By the time he’d lowered himself into the bath, gasping with pain as the hot water stung his foot, applause was ringing out again at the end of “That Old Black Magic,” and the gentle double bass and piano of “Our Love Is Here to Stay” filled the air.
He’d intended to drink the rest of the wine but had forgotten to bring the bottle from the kitchen. It was better this way, he decided. To be completely lucid. In control.
The rumbling thud of the bass drum and the rushed coda from the piano signaled the end of the song, and Ella thanked the crowd. Andrew always thought she sounded so genuine when she did that; it was never forced, never false.
He was beginning to feel woozy. He hadn’t eaten for hours and steam was fogging the room and his senses. He tapped his fingers on his thighs under the water and felt the ripples go back and forth. He closed his eyes and imagined he was floating down a languid river somewhere on the other side of the world.
More applause, and now they were on to “Mack the Knife.” This was where Ella forgot the words. Maybe this time it would be different, Andrew thought, feeling along the side of the bath until he found the plastic handle, gripping it tightly. But no, there was the hesitation, then the breathless, audacious reference to wrecking her own song, and now the cheeky improvisation where her voice morphed into Louie Armstrong’s rasp, the roar of the crowd. They were with her, cheering her on.
He lowered his hand into the water. Tightened his grip.
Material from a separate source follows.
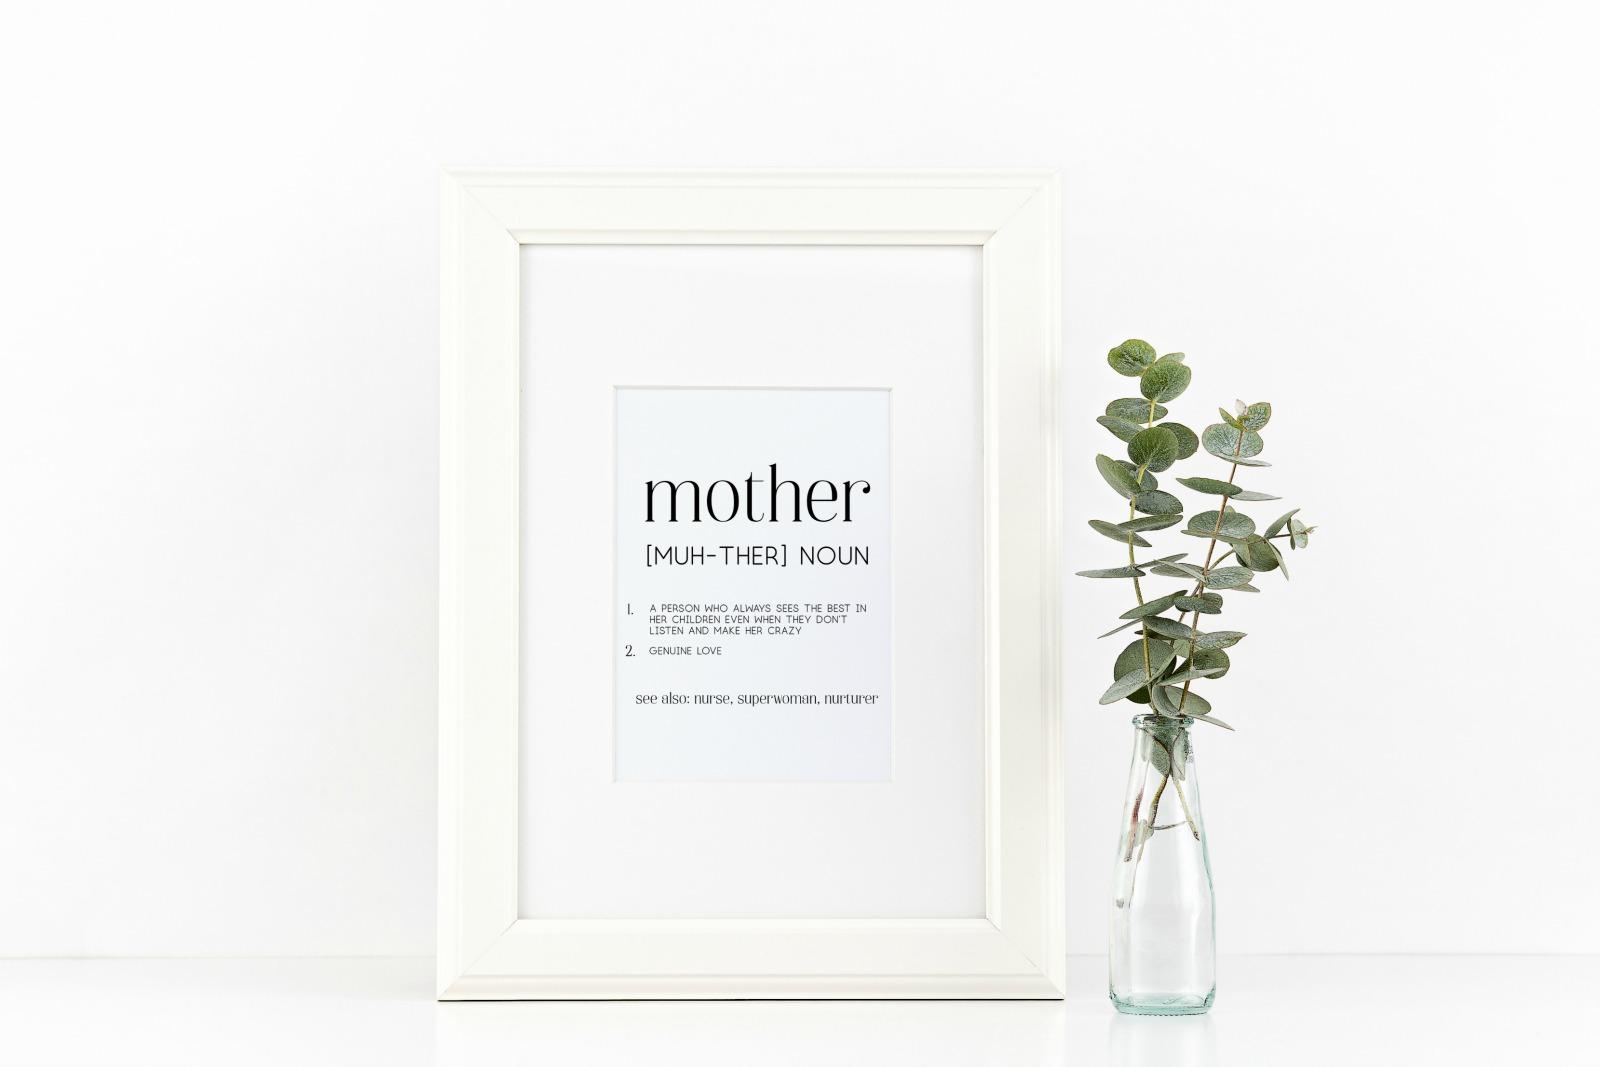 mother definition art

There was barely time to pause for breath before the urgent drums of “How High the Moon” and Ella launching into her scat-singing. The music chased after her words, but she was always too quick, always too quick. He twisted his arm and clenched his fist. He felt the sharpness of the metal, his skin straining against it, about to give way. But then there was another noise, cutting through the music, vying for his attention. It was his phone ringing, he realized, opening his eyes, his fingers unclenching from around the knife’s handle.